Search code examples
rpackage-developmentpackage-design

Visualizing and keeping track of your package development state


What is a good way of keeping track of the state of development and/or visualizing how all your R packages are linked to each other (and its "third-party" dependencies)?

I usually try to apply a "divide and conquer" strategy which by now - 5 years down the road - lead to quite some amount of packages with a clear-cut functional scope. But I've reached a state where things have (perceivably) become so scattered that I can't wrap my head around all the dependencies and "where are the lego pieces that I need for an actual project" anymore :-/

So I guess I'm looking for

  1. a map representation of all package dependencies
  2. some "package development management" framework/strategy with minimal footprint

Solution

  • This is one way to do it, but there are certainly other good alternatives. One easy way get hold of a reference to all packages is with ìnstalled.packages(). If you have several libraries and interpreters to separate projects, you can specify the library location for each project with lib.loc. This will give you matrices with packages and their information. One of the columns is "priority". Base packages set this to "recommended" or "base". If you start adding "mine" or somethiing similar to your own, that's an easy way to filter out your own packages.

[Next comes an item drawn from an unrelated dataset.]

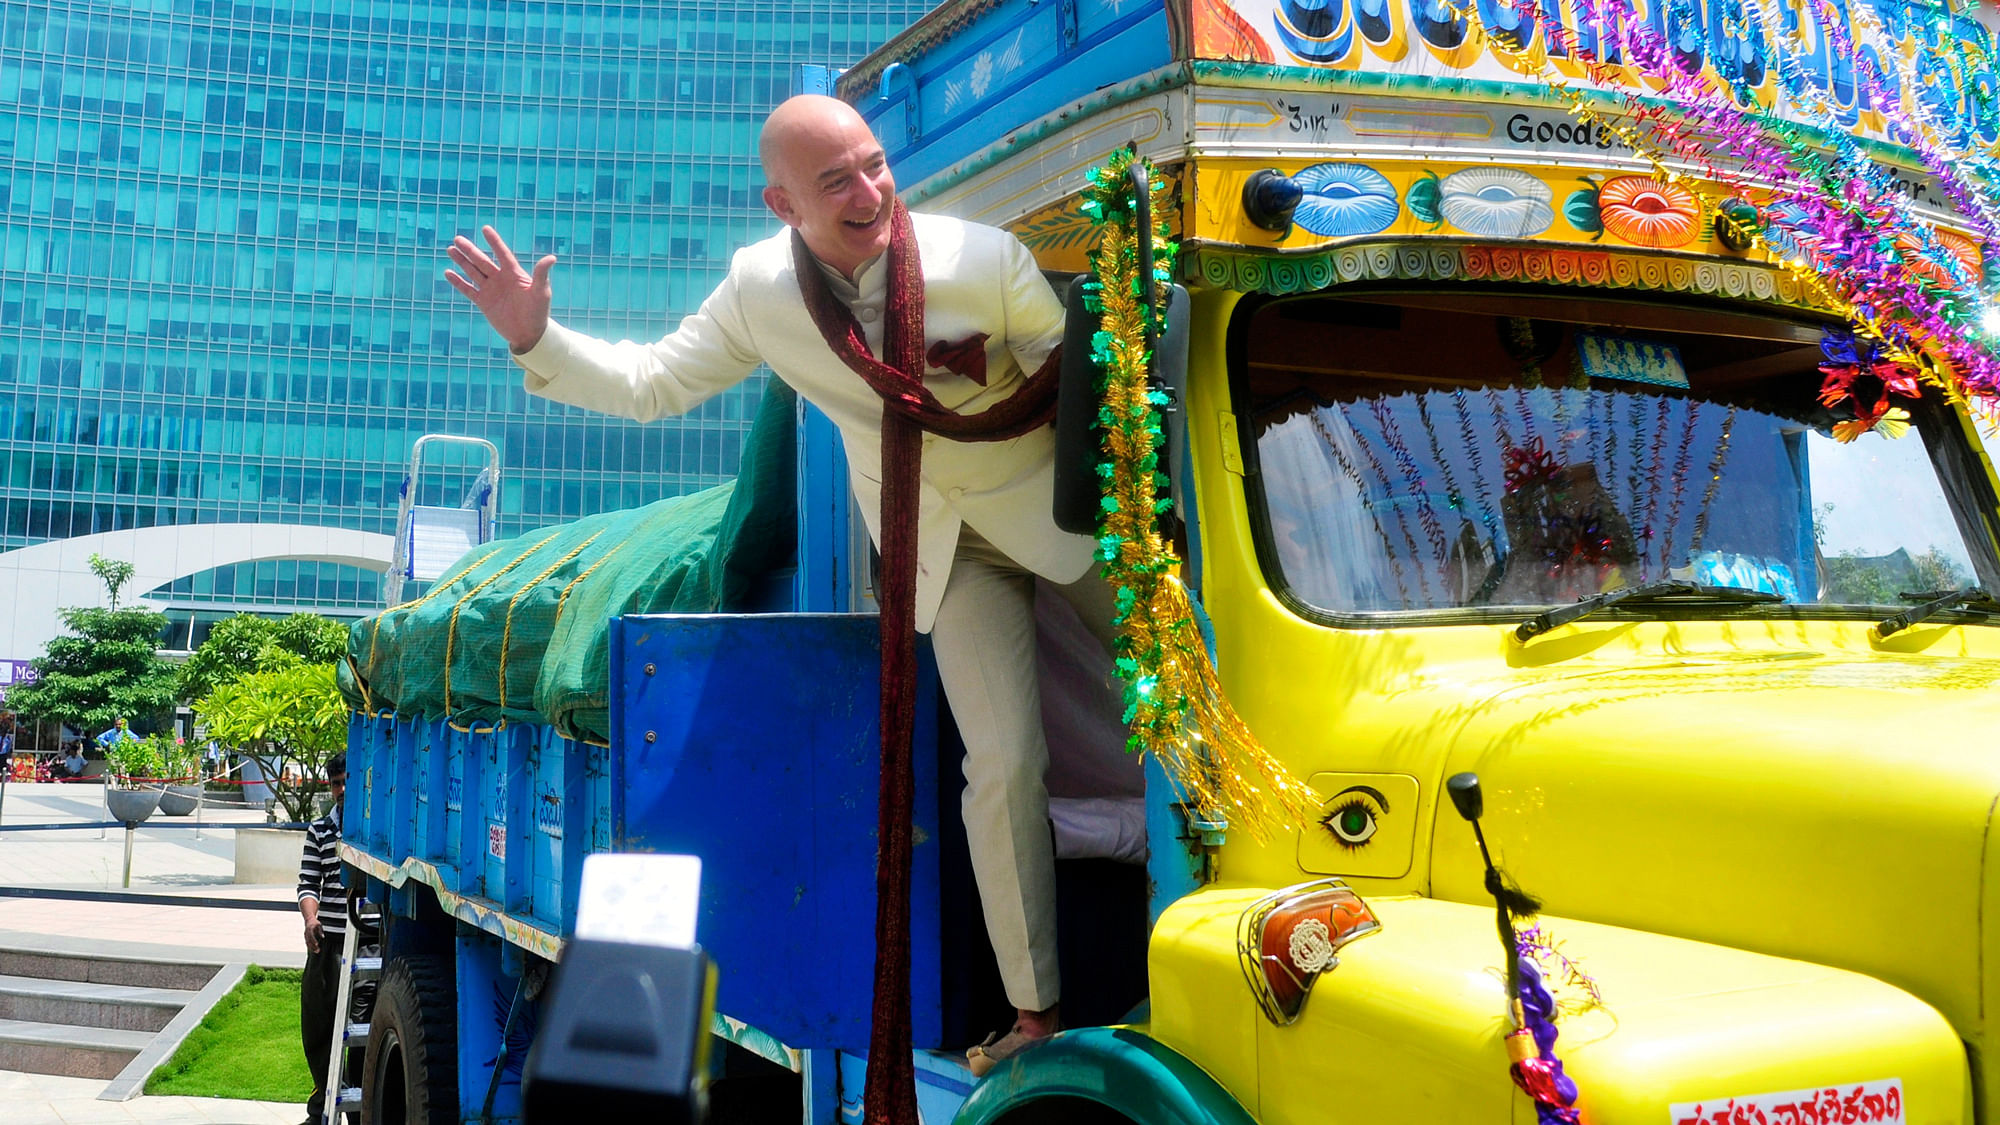 Jeff Bezos, founder and CEO of Amazon, poses as he stands on a supply truck at the premises of a shopping mall in Bangalore in 2014.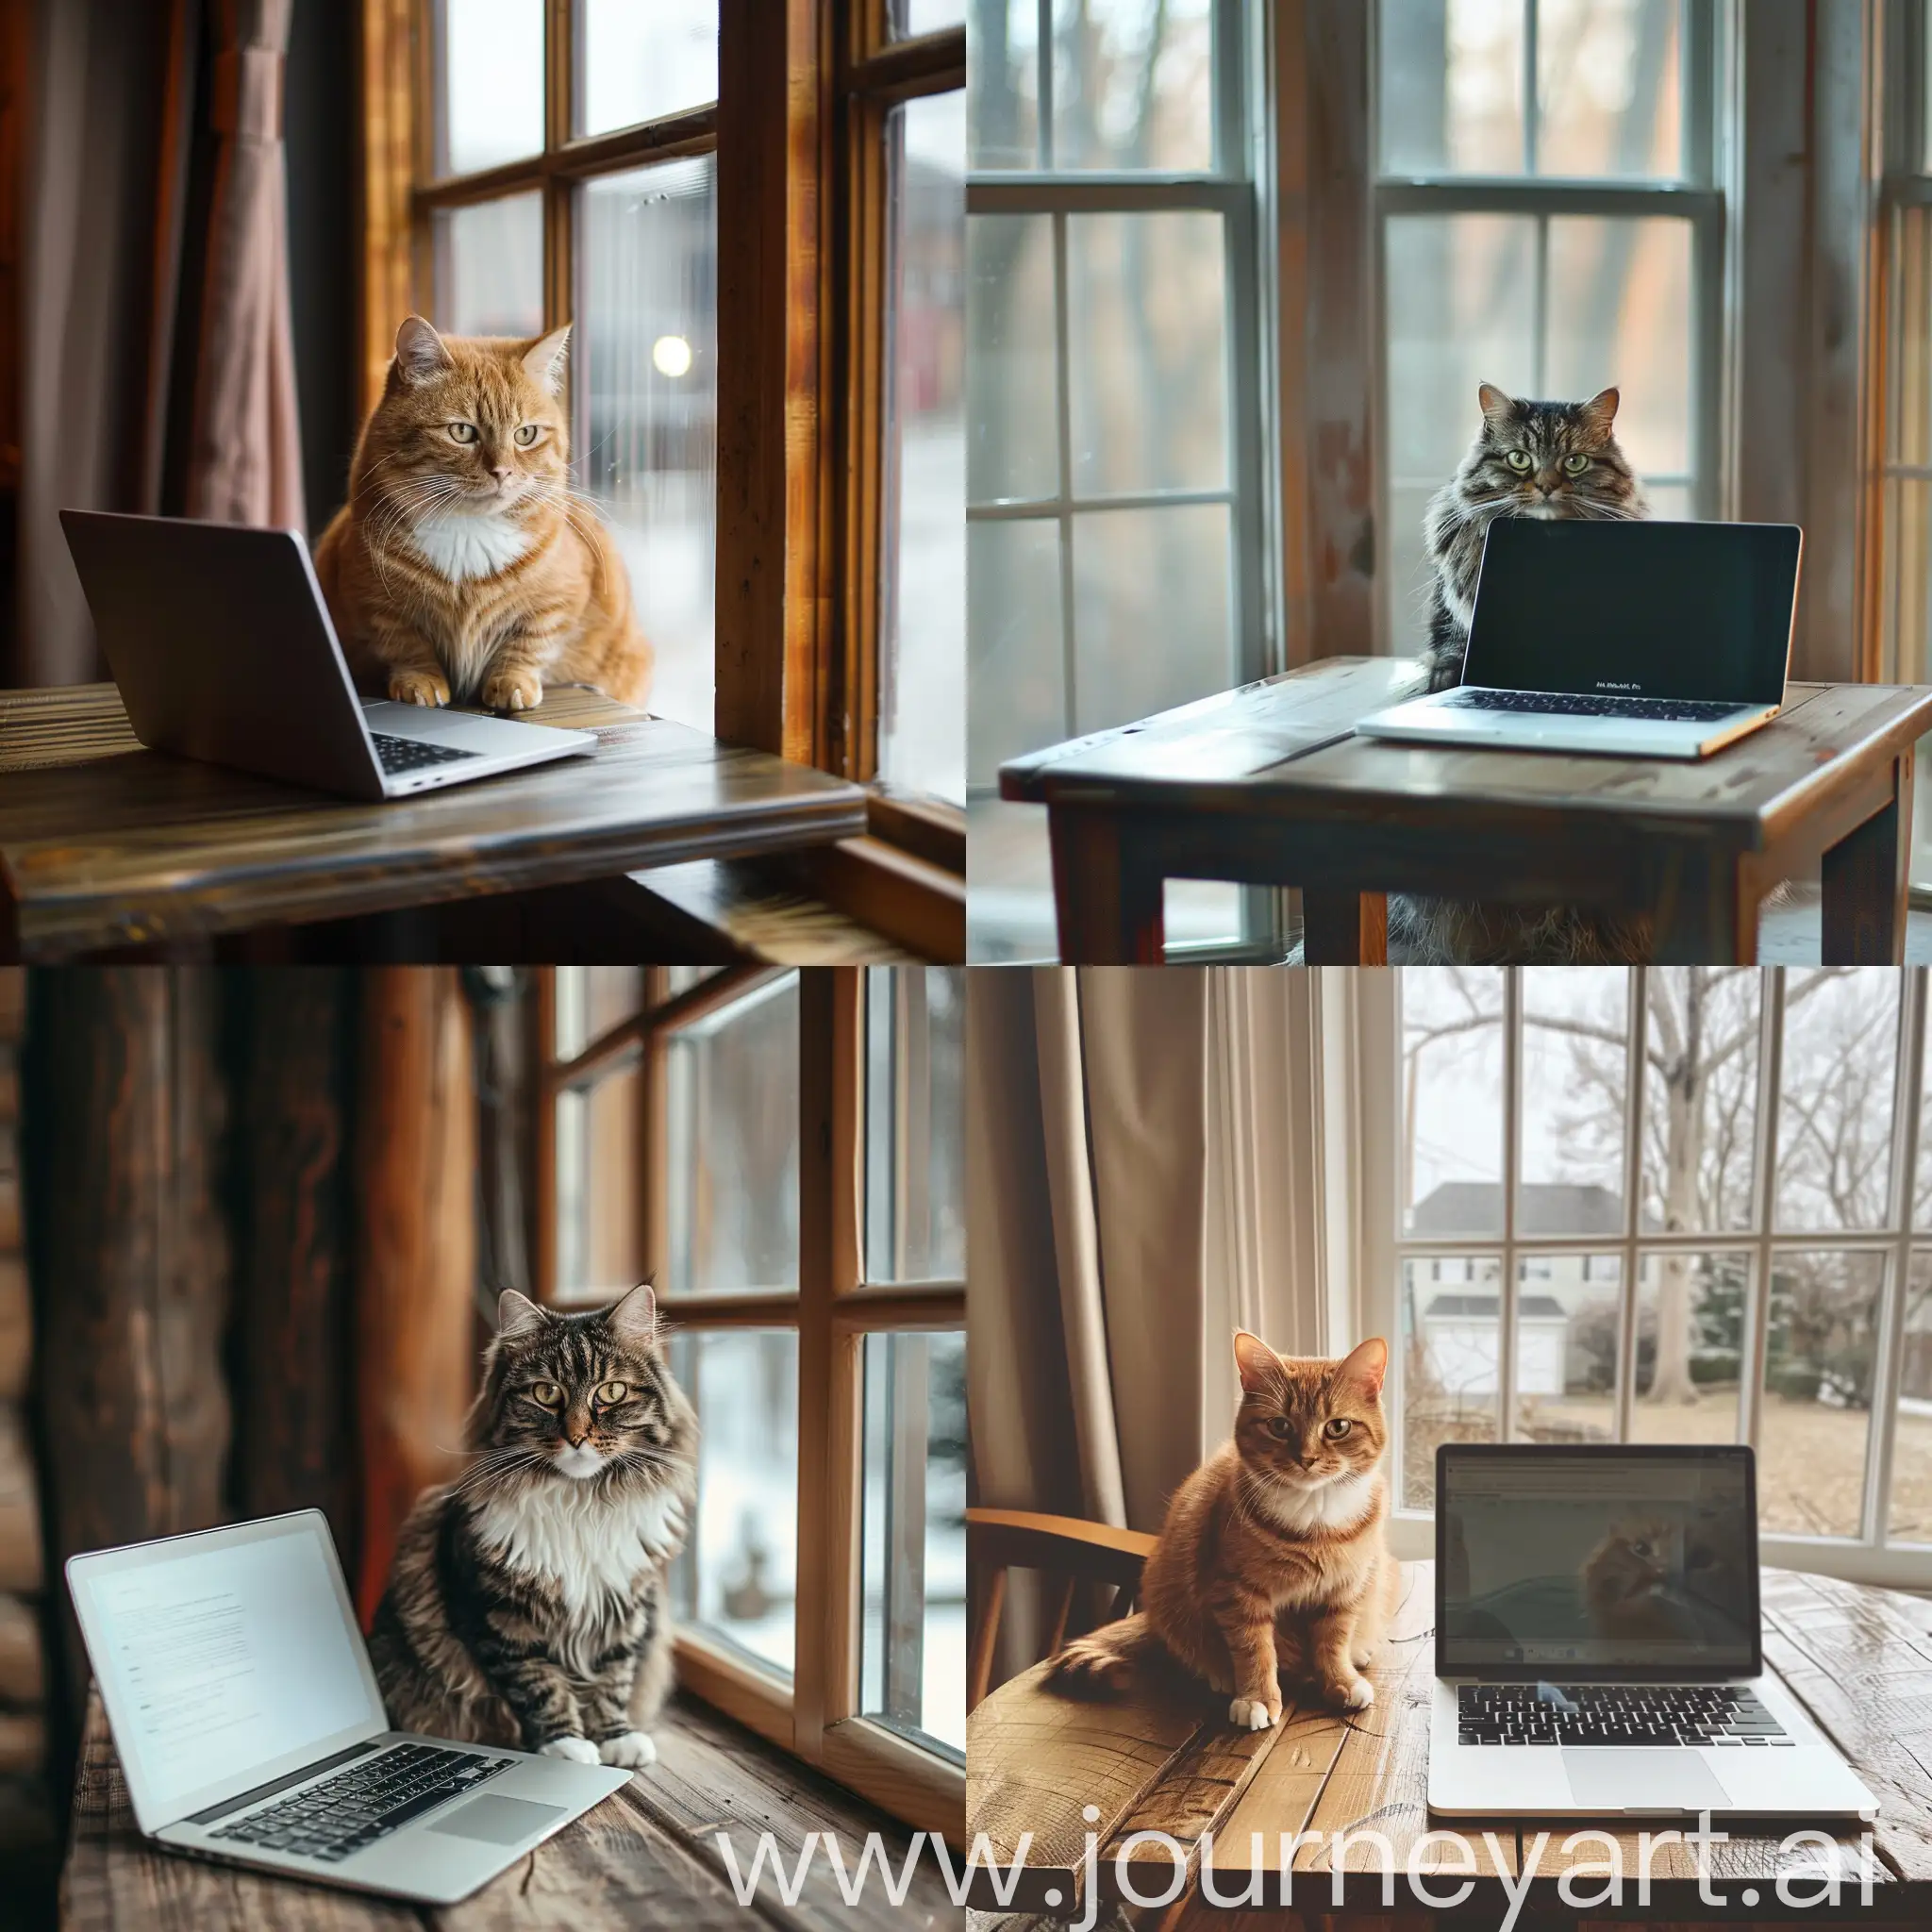 Bold-Cat-Working-on-a-Laptop-by-the-Window

    Fetch the matrix from each library you have by supplying your library paths.

    To find your own packages, subtract away the list of packages from the repositories you usually use, eg. for cran mypkgs <- setdiff(installed.packages()[,1], available.packages()[,1]). Then subtract the basepackages, mypkgs <- setdiff(mypkgs, basePkgs). basePkgs is from miniCran and filters based on priority as noted above. You should then have a list of the packages you have built yourself.

    Then use makeDepGraph from miniCran. It takes the package name and information on dependencies. You can supply it with installed.packages, or if you have several libraries, just Reduce over the matrices with rbind and remove duplicates. Then plot it with plot.

    If you just want to see dependency among your own packages, filter out the other packages as above and supply that to makeDepGraph.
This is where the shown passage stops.